When I say we’ve been poring over every word of “Chrissie Warren: Pirate Hunter,” over and over, I really mean it. This photo shows the detritus from the latest, and final, round.
Fortunately, what we’re seeing in this last go-round is minor, a missing space here or there. Tiny stuff. And we laughed every time something was found. “Got another one!” my wife, Tori, will say. I’ll pretend to groan, although really I’m relieved as I go in and root it out. One less thing to annoy a reader.
Writers, especially writers who are about to self-publish, are encouraged to hire editors. Sometimes it’s just for copy editing, or line editing as it’s called in the publishing world, sometimes it’s someone to take a look at the story and plotting and make suggested revisions. Those can be very helpful. Hiring an editor is a very good idea.
Here’s why I didn’t.
First, I’m an editor. I’ve made my living as a news writer and editor all my adult life. News editing and the kind of editing a novel needs are different. My novel is NOT written in AP Style, which has been my Bible for more than 30 years. But I know my way around a sentence and can pick the flaws out of bad grammar better than most people I know. Those of my acquaintance who are better at it are almost all newspaper copy editors.
Second, I also married one. Tori isn’t a professional editor. She’s a middle school English teacher, so she knows her stuff. She was an English major in college, and those two things combined give her both a deadly eye for spelling and grammatical errors and a keen nose for sniffing out problems with plot and story. (Plot and story are not the same thing, but that’s a topic for another day.)
Look, there’s only so much money. I’m spending quite a bit of money on the cover. I paid for the editing by taking my wife out to dinner lasat night. It was a very good deal, and a very good meal. (Drago’s Seafood in Metairie. Char grilled oysters. Mmmmm.)
Still, I am not denigrating the value of a good editor. When my friend Mark Summers and I had our book, “Pirattitude,” published by New American Library, our draft was turned over to an in-house editor, Cherilyn Johnson.

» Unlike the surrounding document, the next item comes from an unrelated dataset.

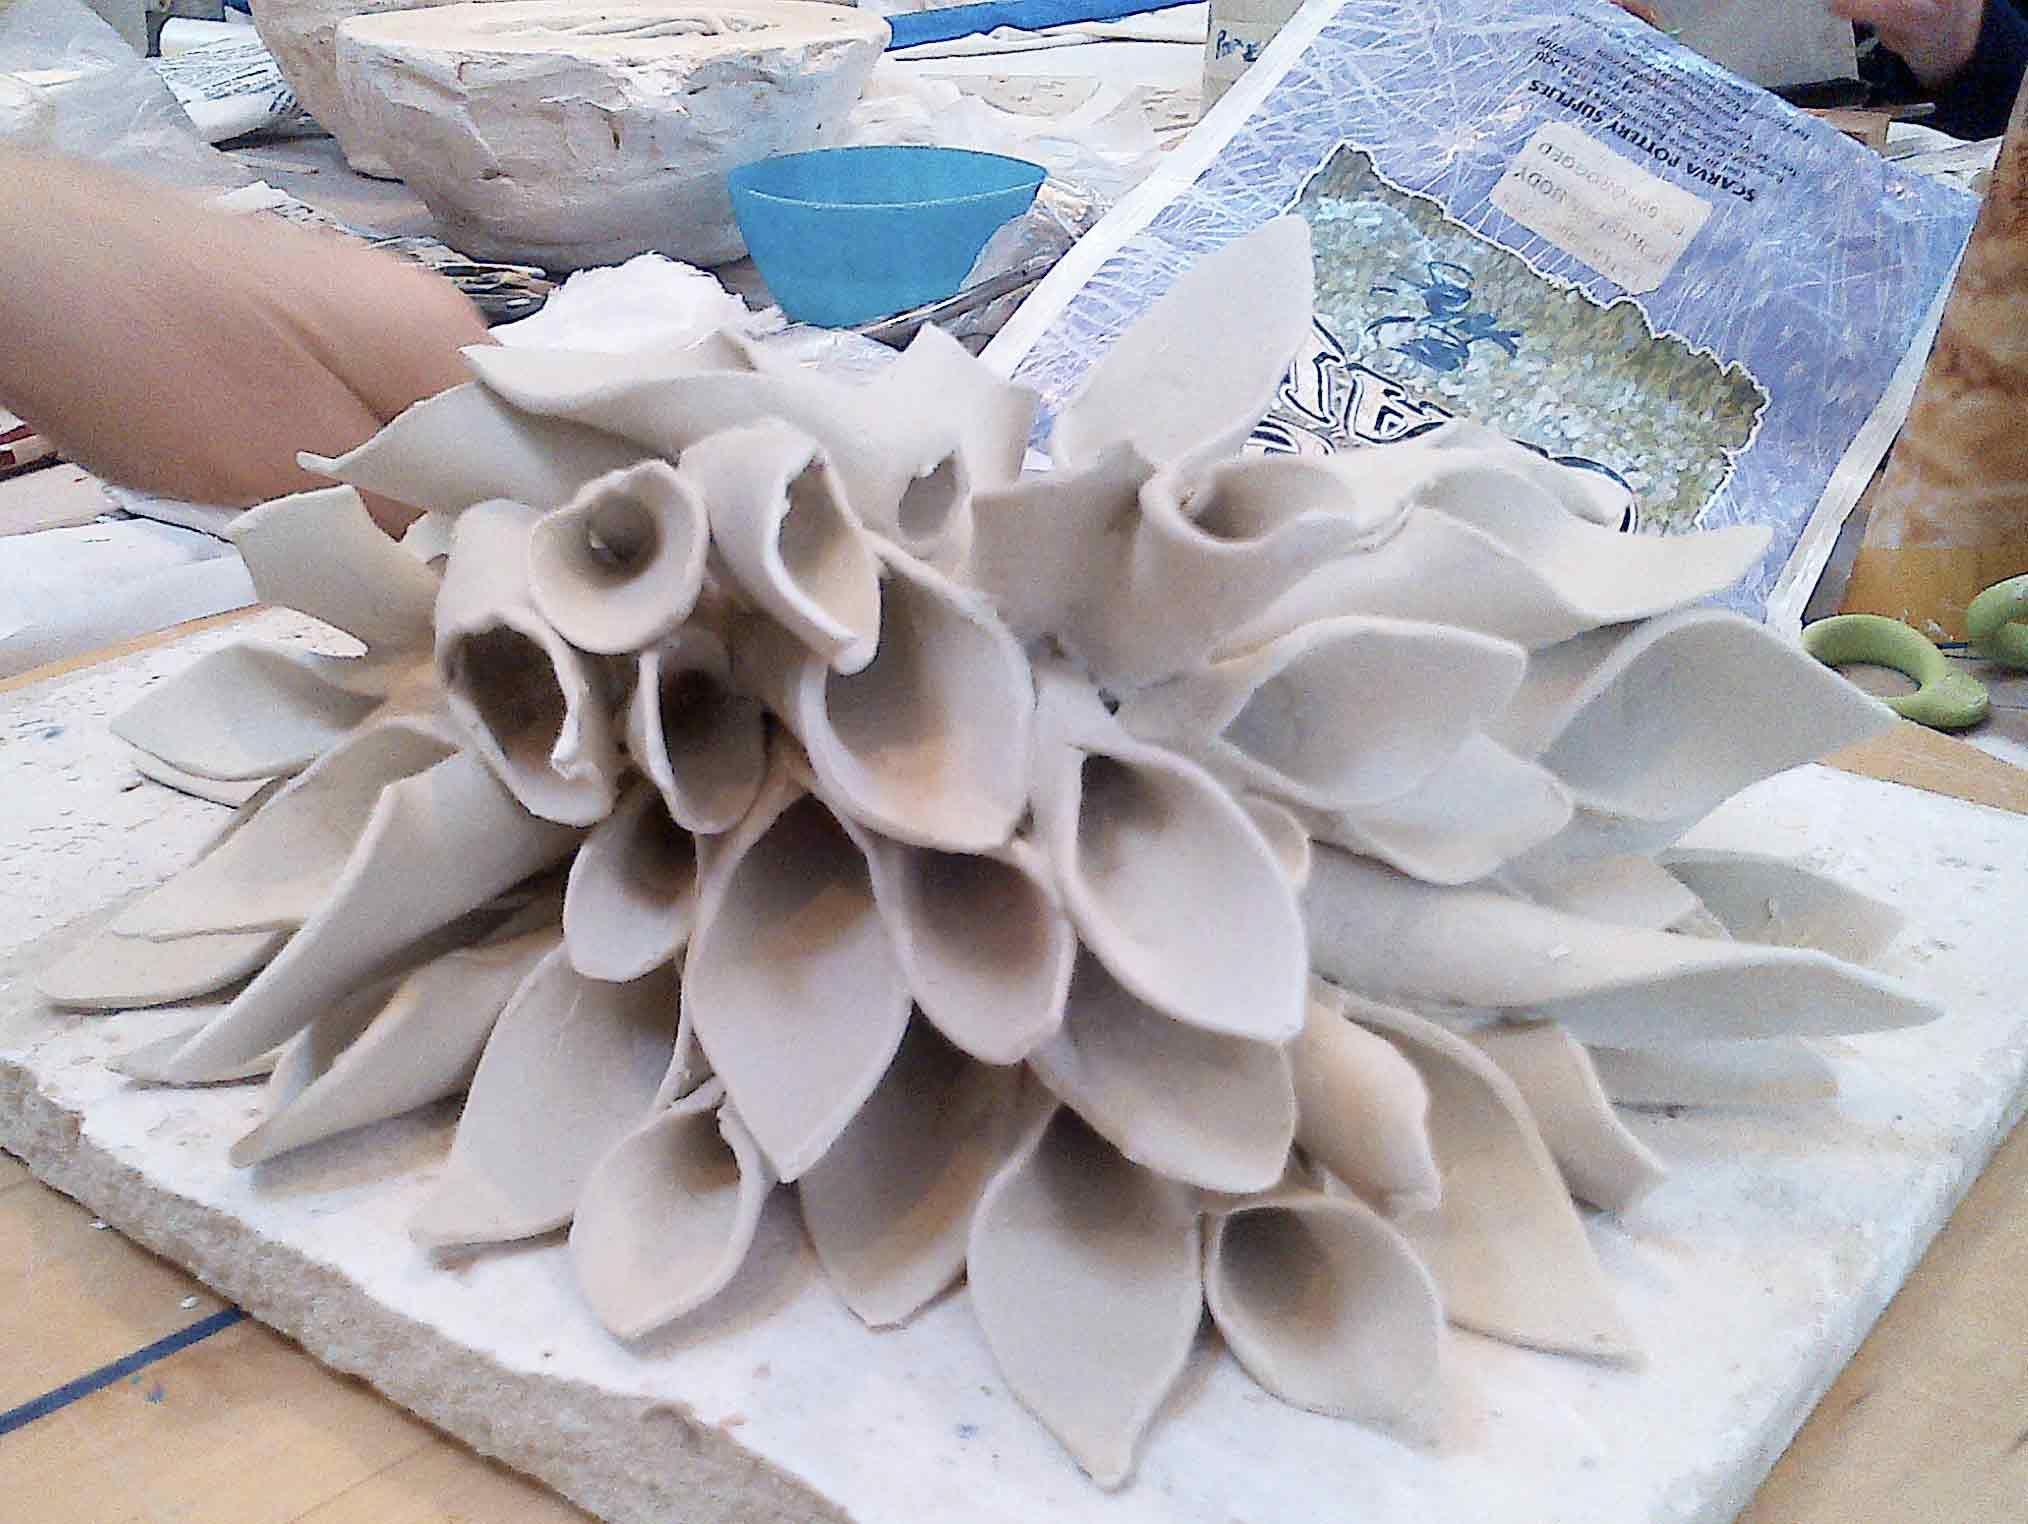 Porcelain sculpture in process by Emily O'Brien - Dublin based ceramic course. www.ceramicforms.com
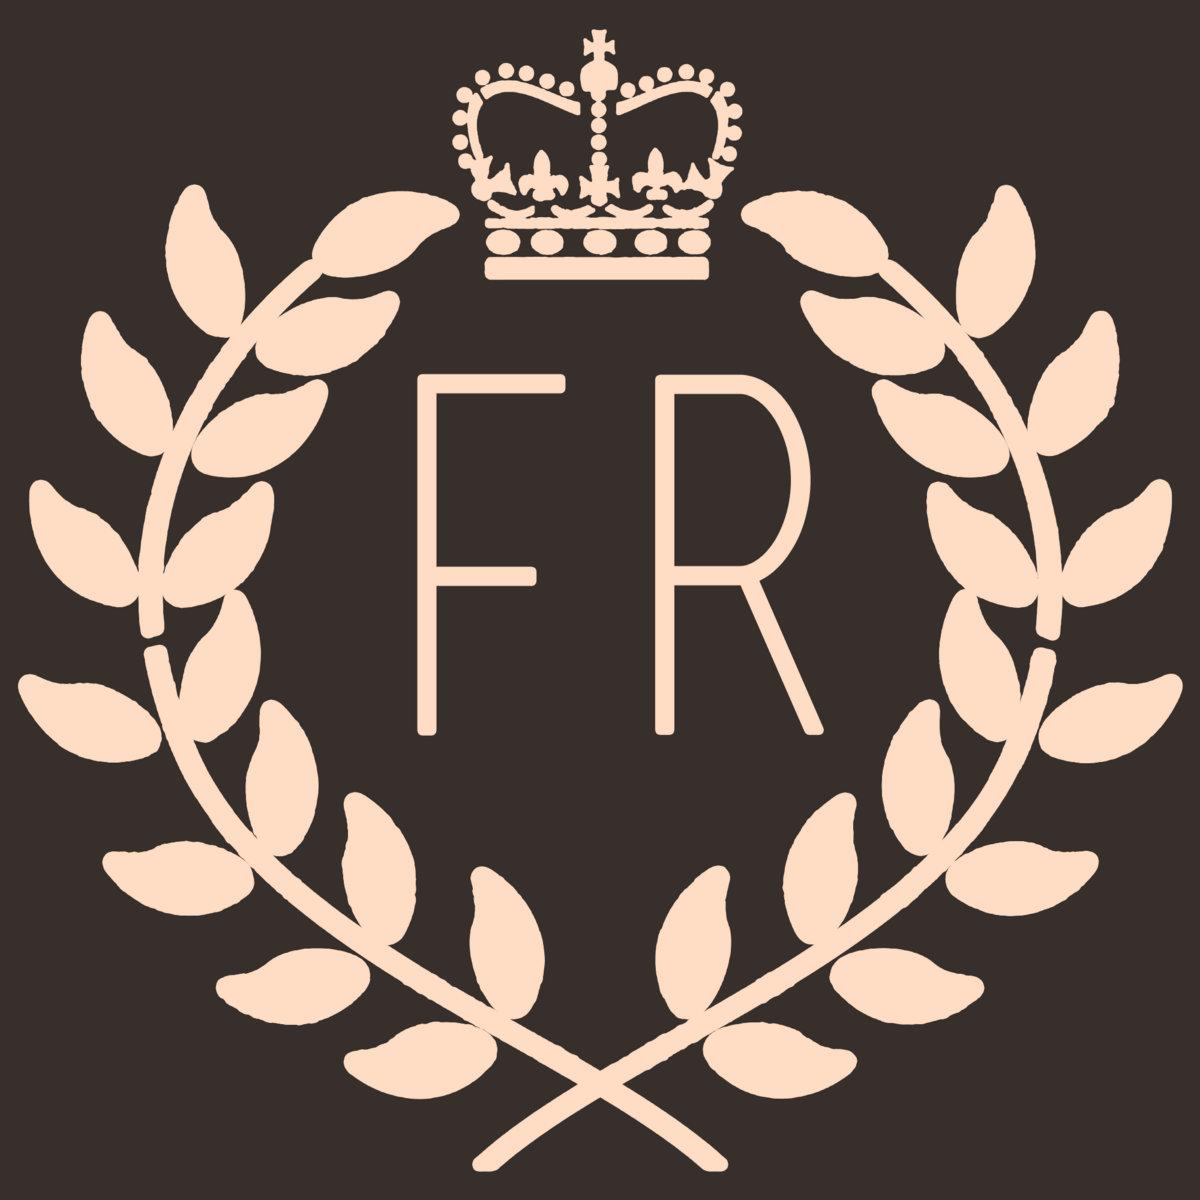 French royalty french royalty french royalty image biocorpaavc Gallery

The poor woman was really good at her job, and didn’t know what to make of us. She sent sent us reams of questions and suggested corrections, stuff that had never even occurred to us. After all, we made up a bunch of the “facts” and words, starting with the title, so line edits and fact checking seemed sort of superfluous. For instance, she really wanted us to come up with a consistent, standardized spelling for “Aarrr!” But the whole nature of the word, which can mean almost anything depending on how you say it, fights the concept of standardization. It’s not so much a word as a sound indicating a state of mind. So she had to give in on that one, but we put in a note at the end of the book absolving her from all blame.
With “Chrissie” I’ve also had the help of Eddie the Agent, who picked it apart twice, calling for rewrites and closer editing before he finally started pitching it to publishers. It also went through someone at his agency, who offered some trenchant observations that I adopted.
Whether you use a critique group, hire an editor, or marry one (I recommend it!) having multiple sets of eyes on your final draft is important. There’s not much that ruins a book more than a host of typos and grammatical errors. Readers have to trust you. If they get a few chapters in and start thinking, “My eight-year-old writes better than this!” you’re in trouble.